Just started freezing eggs and pulled my first ones out to bake with. I haven't tried freezing cheese but I have waxed my first blocks of cheese for long term storage to see how that works.


----------



## morninglory (Aug 7, 2003)

Just FYI, I have noticed that it is necessary to add either a small amount of salt or sugar to the eggs before freezing to prevent them from being tough (if frozen very long). I freeze mine for later when the chickens decide it is vacation time so sometimes they are frozen for long periods.


----------



## BackfourtyMI. (Sep 3, 2007)

When I have a good year growing potatoes I freeze them.

Just wash good, cut up in bite size chunks into a bowl, toss with Olive oil, enough to coat potatoes. If you want to add a little parsley, thyme, etc. at this time you can. Put in Freezer bags & get as much air out as possible and freeze.

They do not turn black this way!
Roast in a 400 degree oven after taking from the freezer, can deep fry or fry in a skillet. It works great.

We also freeze eggs & milk.
Going to try the sour cream freezing & some of the lemon & orange rinds & juice though.


----------



## kittyjo (Feb 10, 2005)

if you freeze sliced cheese I put wax paper between [cut up cereal bags] in between the slices and then vacuum seal for later use


----------



## Patches (Aug 9, 2006)

I tried freeing sour creme and it came out awful when I thawed it out. What did I do wrong. Would love to keep some in the freezer, but mine was all water and lumps when I thawed it out.


----------



## stormrider27 (May 31, 2011)

When I make stock, I make a lot usualy about 20 quarts at a time. I will can some but freeze most of it. I fill 2 liter bottles 4/5 full and freeze and also I have special ice cube trays I use for stock and freeze in those then put in zip-loc bags when frozen.

Storm


----------



## DeaDomestica (Oct 5, 2012)

If you have left over wine you can freeze it in ice cube trays them toss in a zip lock and pull it out to add to soups, risottos, etc. Not that we ever have left over wine. :ashamed:


----------



## unregistered65598 (Oct 4, 2010)

I froze tomatoes for the first time this summer. I didn't have the time to can them. I washed and cored them. Then put them in ziplocks. The skins come right off when thawed. They work great for chili and stews.


----------



## kittyjo (Feb 10, 2005)

I also froze tomatoes but just washed them I dumped them in a pot and cooked then I ran them through a food mill to make sauce cooked it down in low oven then canned didn't have to deal with any coring or peeling


----------



## Barn Yarns (Oct 7, 2012)

I was always told to add a TBSP honey to the icecube tray bound eggs. its healthier than salt 

When I buy milk from the store, its in bags and just toss them into the freezer. they are half gallon bags, and thaw in about 8 hours in the kitchen sink. Raw milk doesnt freeze well.

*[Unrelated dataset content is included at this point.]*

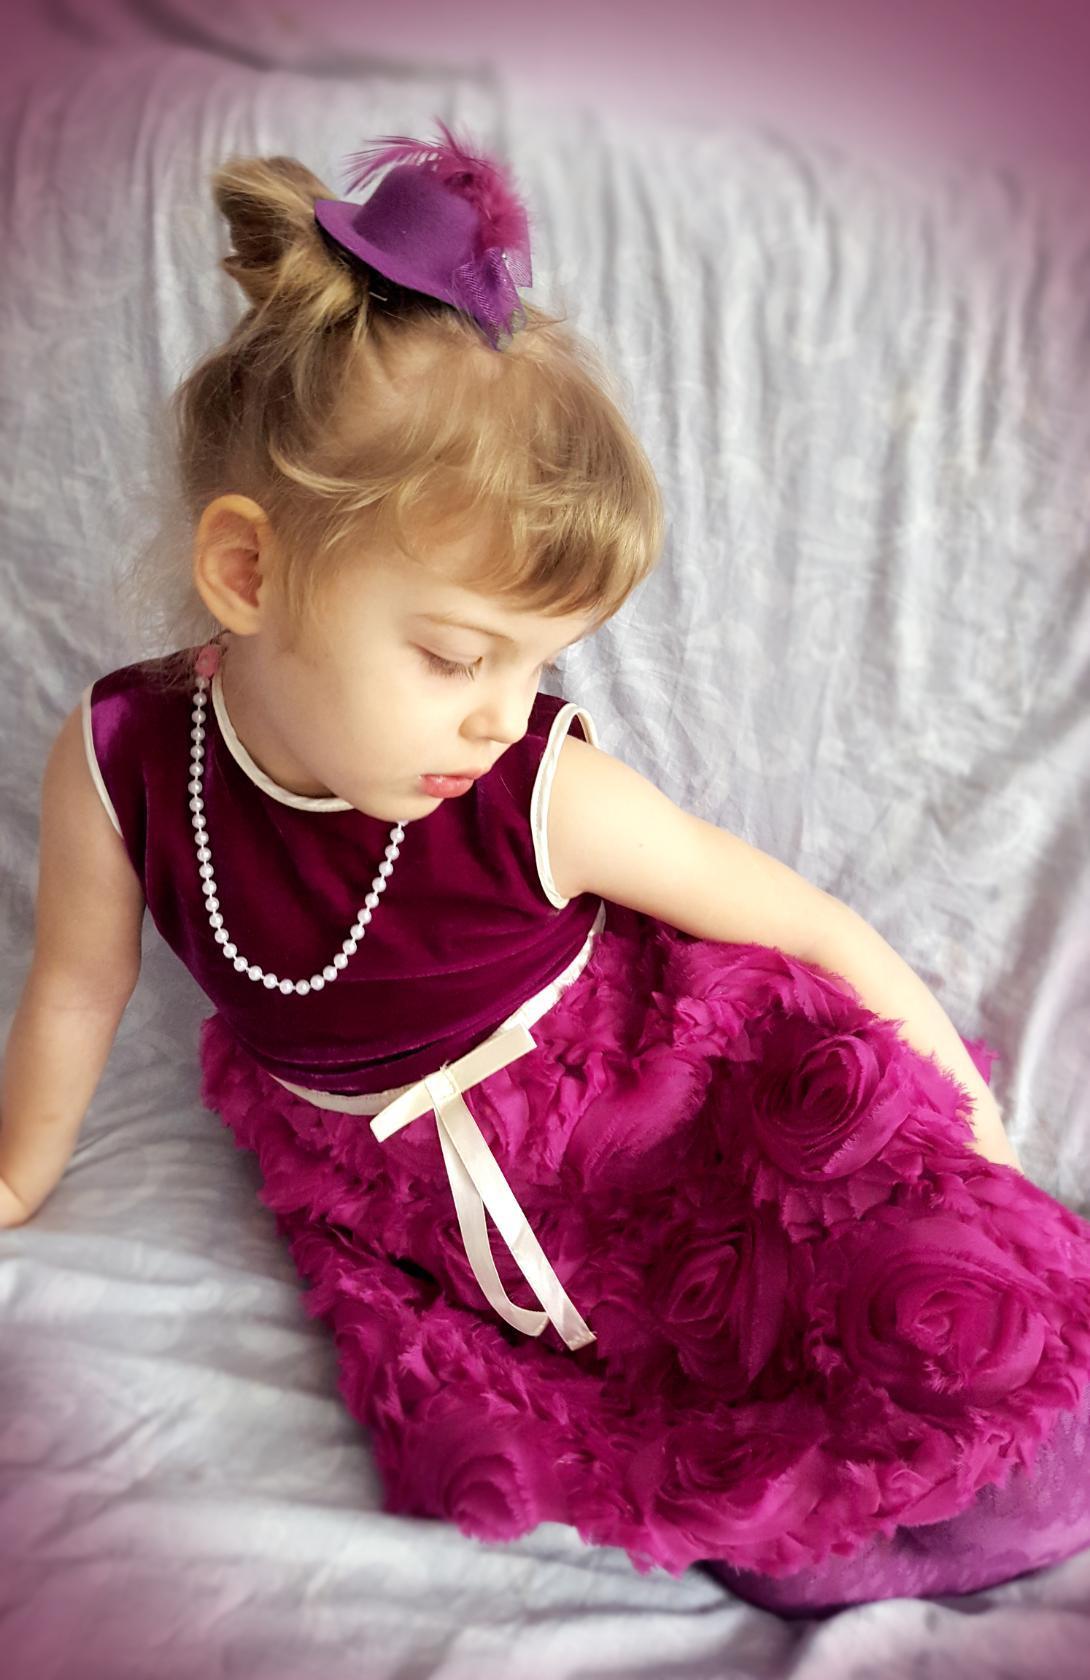 Принцесса . Принцесса собирается на бал

Yogurt is a great frozen treat. I always have some starter in the freezer for the next batch. as for sour cream... yeah... i freeze that too, but when I do its only for stuff that is baked. done this twice now and you dont notice any difference in flavor or texture. Im trying the 'turn over the container' trick on my current small container of sour cream. I read here it should stay OK for 4 months so long as there are no continments in it. 

I have frozen tomatos whole until i have time to get to them. 

we have made up a big patch of potatoes, mashed and frozen them. 

I have some lard in the freezer, but some is canned too.


----------